Later that day, I walk through the village. The usual paths have become an impenetrable jumble of tree trunks and branches. Among the ruins of houses, people are passing by… my friends and parents of my students. They are gathering what was left after the storm. I expected tears and helplessness. Instead, they smile at me. They are happy that we see each other and that we are alive. A strange feeling. Tonight I go to sleep with a slight sense of guilt. I am one of the few who will be sleeping on a dry bed. Or on any bed at all. I think of my friends in villages deep in the jungle, in featherweight bamboo huts that must have been the first to be destroyed by the cyclone. How are they spending the night?
The morning after. The sun rises over the hills of western Tanna. I look out of the window of my room and the landscape around me looks like pictures from the First World War, like Verdun. Bare land with tree stumps. Everything is devastated as far as the eye can see. With my fellow teachers, we begin to clean up around our houses. We began to realize the extent of what had just happened. We were preparing for weeks or even months without running water, electricity or communication.

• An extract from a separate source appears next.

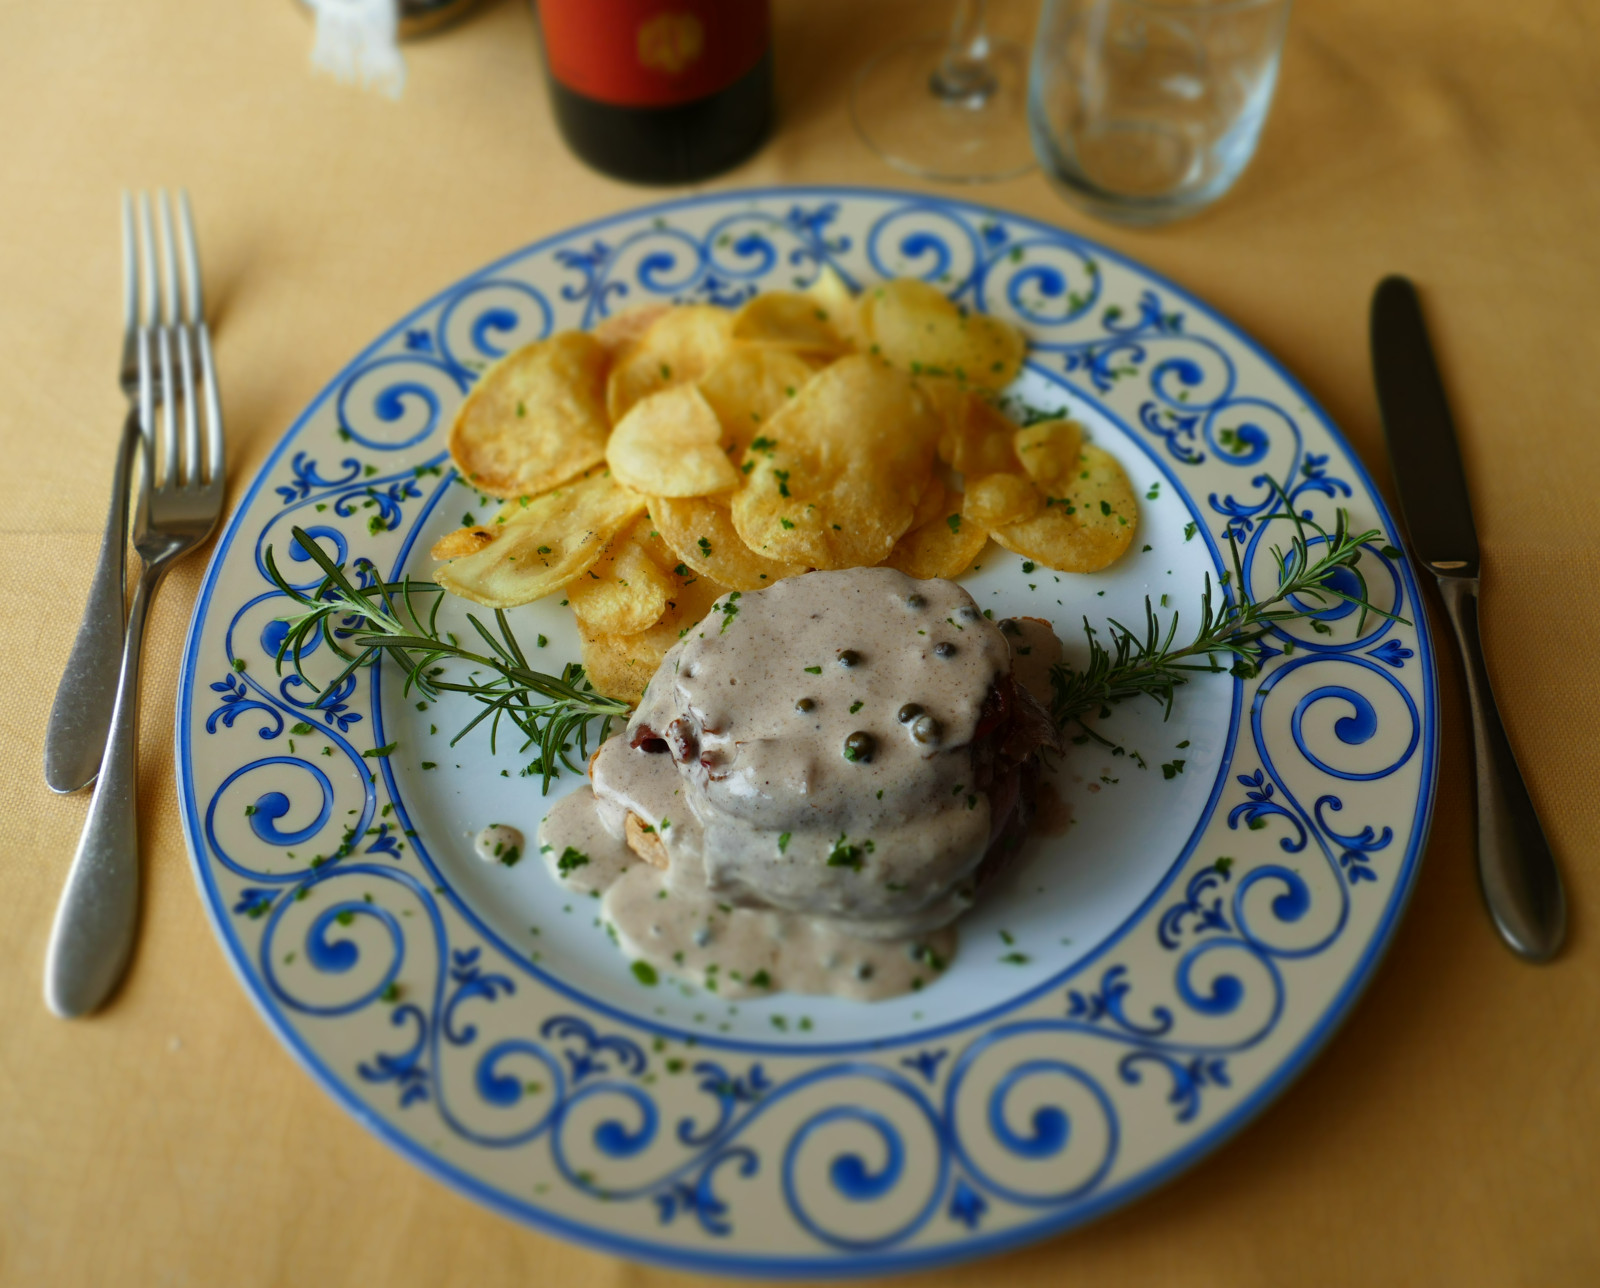 Filetto di Cinta Senese in Crema al Pepe di Sezchuan con Sfoglie di Patate Fritte

Two days after the cyclone, my colleague Jeff and I went to the hospital in Lénakel. It was the same scene everywhere. Houses in ruins, broken trees. The lush green forest that used to cover the island has disappeared and now looks more like a brownish stubble field spread over the hills. Jeff is a medic and is volunteering at the hospital. Over the next few days, the first humanitarian teams arrive at the hospital, as well as the French army. I translate for them into the local language for the patients who slowly arrive from all parts of the island. In the afternoons, I volunteer as an IT specialist at the WHO office, which was set up quickly. There is a lot of work to do and it helps not to think too much about all the destruction around. The work makes the days fly by. About three months after the cyclone hit, we manage to get the school up and running again. We start to teach again, but the reconstruction of the school and the whole island will take a long time. I am writing these lines with immense gratitude to all the organizations, volunteers and donors who helped us get back on our feet.